My strong stance on drinking milk straight from the carton has met with no opposition from people who haven’t caught me yet.
Mess with your coworkers by walking up behind them and whispering in their ear, “strike two”
I asked my dad if there were any advantages to being in your eighties. He said, “Well, no one tries to sell me extended warranties anymore.”
I’m not high maintenance at all. All I want from a partner is the understanding that I need to feel worshipped whilst also being mostly left alone.
My dishes are lined up like my sink is the hottest night club the world has ever seen.
[tv, watching a gymnast eat it on the vault]
Me (tripped over a slipper in the dark once): I know exactly how she feels.
I’m sorry I hosed off your toddler as he walked by my house but I can’t afford to get sick right now.
[Pilot intercom]
Me: “Hello, this is the co-pilot speaking. Not to cause alarm but the pilot has passed out and I lied a lot on my resume.”
Positive I heard an audible gasp from my car as I drove past the wine store
“Check engine”
Yep, it’s still there.
interviewer: why do you want this job?
me: i’m a job guy. love jobs
[dinner time]
ME: *puts baby in a lifeguard chair*
WIFE: not that high
I have a friend who doesn’t drink coffee, so to stay alert at work he gets a healthy amount of sleep each night. What a loser
My dad can get into “dad-mode” sometimes. He’s a doctor who is worried about the virus, and told me, his 24 year old son, in a 5 min rant that this isn’t the time to be trying to have a lot of “play-dates”. So if you were trying to play after school im sorry my dad said we cant
Me: This is the year I’m going to save money.

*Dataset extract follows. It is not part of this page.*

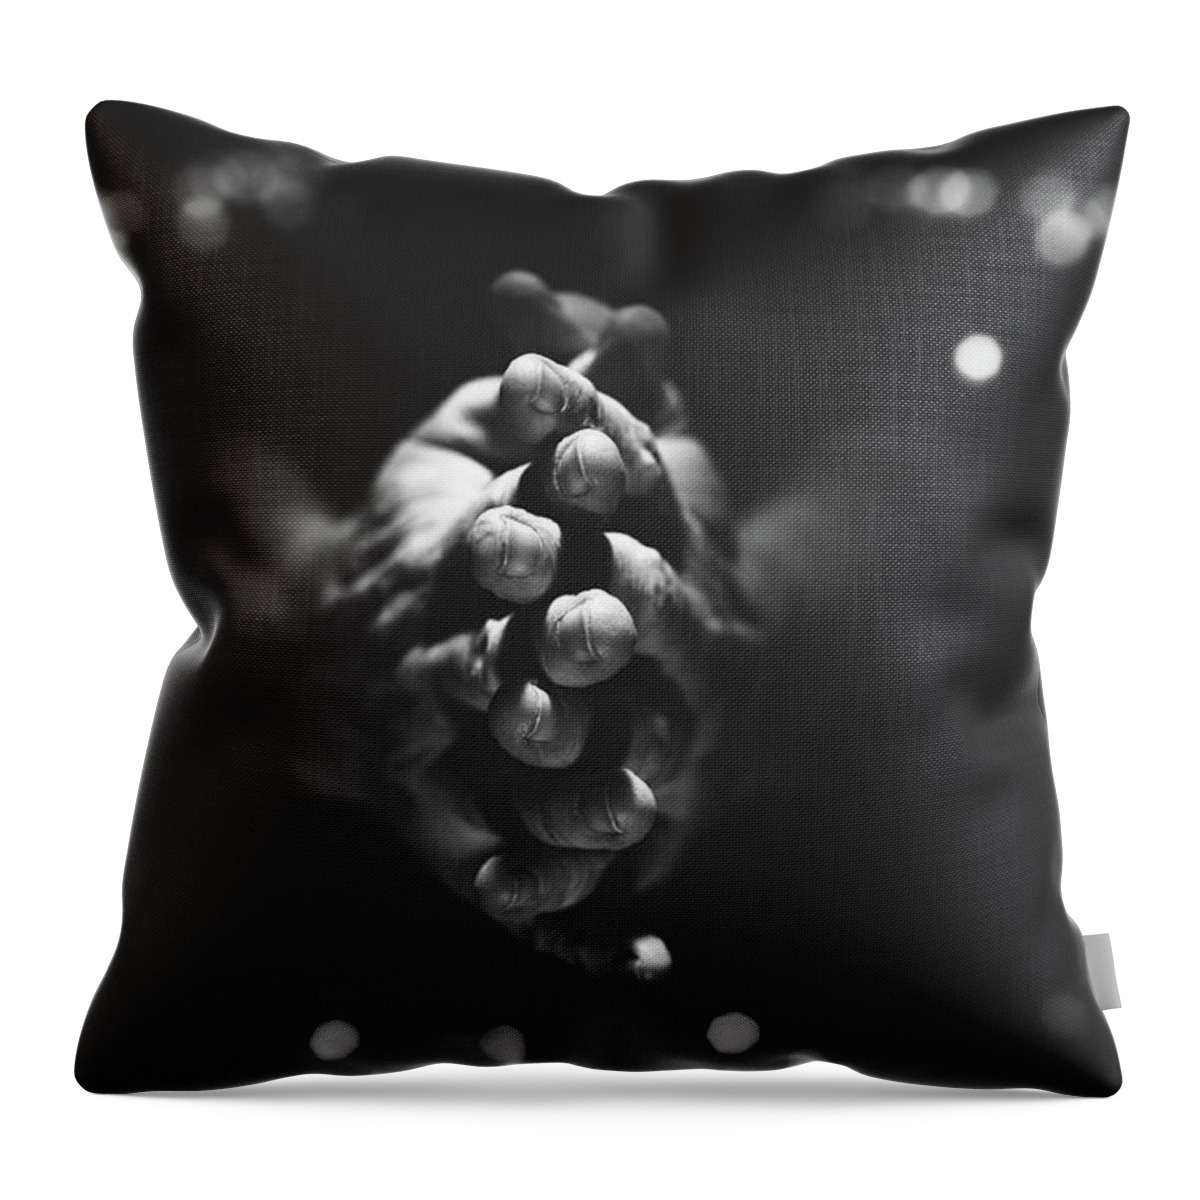 Plead Throw Pillow featuring the photograph Pleading by Scott Norris

Also me: *googles, “how to purchase a baby elephant?”*
I like the sound of thunder because there’s always a tiny little chance that my ex will be struck by lightning
If hotels can skip the 13th floor why the hell can’t we skip Mondays?

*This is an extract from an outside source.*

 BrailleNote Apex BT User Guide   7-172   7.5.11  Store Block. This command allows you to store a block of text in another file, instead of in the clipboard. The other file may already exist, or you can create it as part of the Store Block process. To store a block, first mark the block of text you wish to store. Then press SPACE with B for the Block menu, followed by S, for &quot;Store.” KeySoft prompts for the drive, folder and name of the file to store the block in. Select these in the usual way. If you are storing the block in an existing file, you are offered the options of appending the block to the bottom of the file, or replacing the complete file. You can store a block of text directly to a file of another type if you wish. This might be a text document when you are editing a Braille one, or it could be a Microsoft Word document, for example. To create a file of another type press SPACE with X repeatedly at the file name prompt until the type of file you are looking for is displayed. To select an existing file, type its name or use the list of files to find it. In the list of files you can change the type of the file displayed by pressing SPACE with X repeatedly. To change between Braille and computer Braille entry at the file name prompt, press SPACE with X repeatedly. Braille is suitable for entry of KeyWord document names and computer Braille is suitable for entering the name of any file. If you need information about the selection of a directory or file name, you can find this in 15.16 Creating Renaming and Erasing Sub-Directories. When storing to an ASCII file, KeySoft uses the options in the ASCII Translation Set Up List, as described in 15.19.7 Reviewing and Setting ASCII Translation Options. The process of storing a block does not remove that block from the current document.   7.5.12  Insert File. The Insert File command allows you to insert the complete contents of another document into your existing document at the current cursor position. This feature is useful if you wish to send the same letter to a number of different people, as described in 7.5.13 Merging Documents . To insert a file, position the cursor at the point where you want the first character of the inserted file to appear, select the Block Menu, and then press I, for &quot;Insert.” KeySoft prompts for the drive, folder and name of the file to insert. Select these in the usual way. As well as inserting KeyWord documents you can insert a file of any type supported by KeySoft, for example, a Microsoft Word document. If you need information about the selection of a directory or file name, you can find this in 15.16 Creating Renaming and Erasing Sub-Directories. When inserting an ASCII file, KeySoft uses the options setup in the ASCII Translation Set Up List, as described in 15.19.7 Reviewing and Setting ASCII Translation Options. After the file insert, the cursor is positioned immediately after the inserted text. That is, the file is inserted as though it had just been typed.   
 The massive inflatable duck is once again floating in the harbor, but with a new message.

Love when people make a point and then bust out the “ever think of that?!” Like no. Almost certainly not. I have 8 thoughts a day and 5 of them are about sandwiches
Picture me and my boyfriend on a dinner date
Wrong
We’re sitting on the same side of the table making you uncomfortable
*repeatedly tries to explain Sisyphus to classmates who have apparently never heard of him*
I wish you guys could get how ironic this is.

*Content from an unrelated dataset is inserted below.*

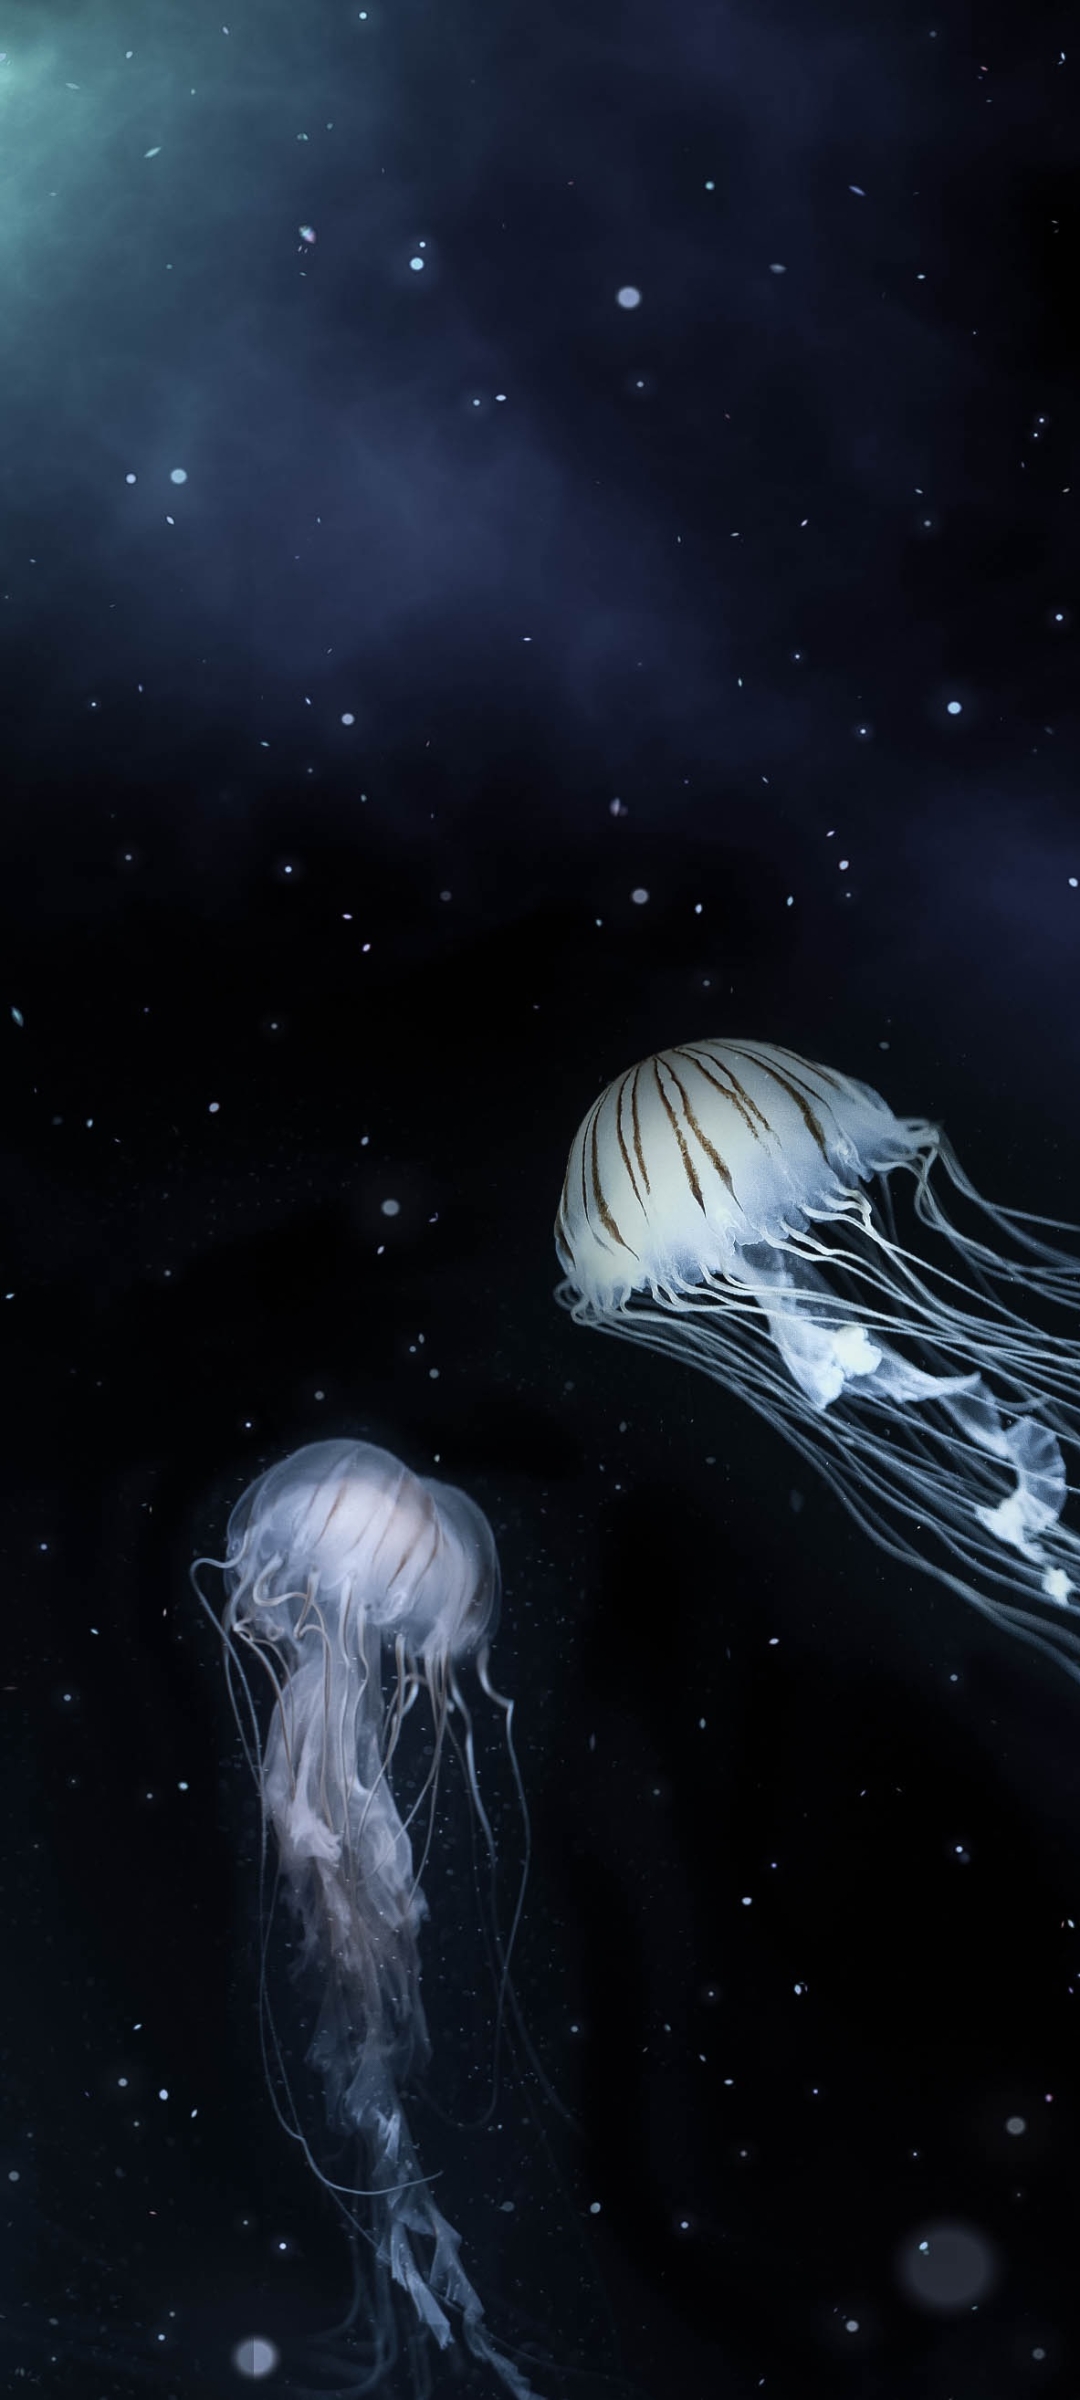 Jellyfish among the stars by Willgard Krause

Pro-tip for you non-anxious folks out there, if you’re gonna shoot someone a “Hey can we talk” message, for the love of God include what you want to talk about
PHYSICIST: Time is relative and dependent on speed and gravity
FRIEND: Yeah okay, but my wedding starts at 4 so can you make it or not?
[son comes running into our room]
“Dad, there’s a monster in my room!”
Look, Marky, what-
“Mikey.”
Right, Mikey. What makes u think I care?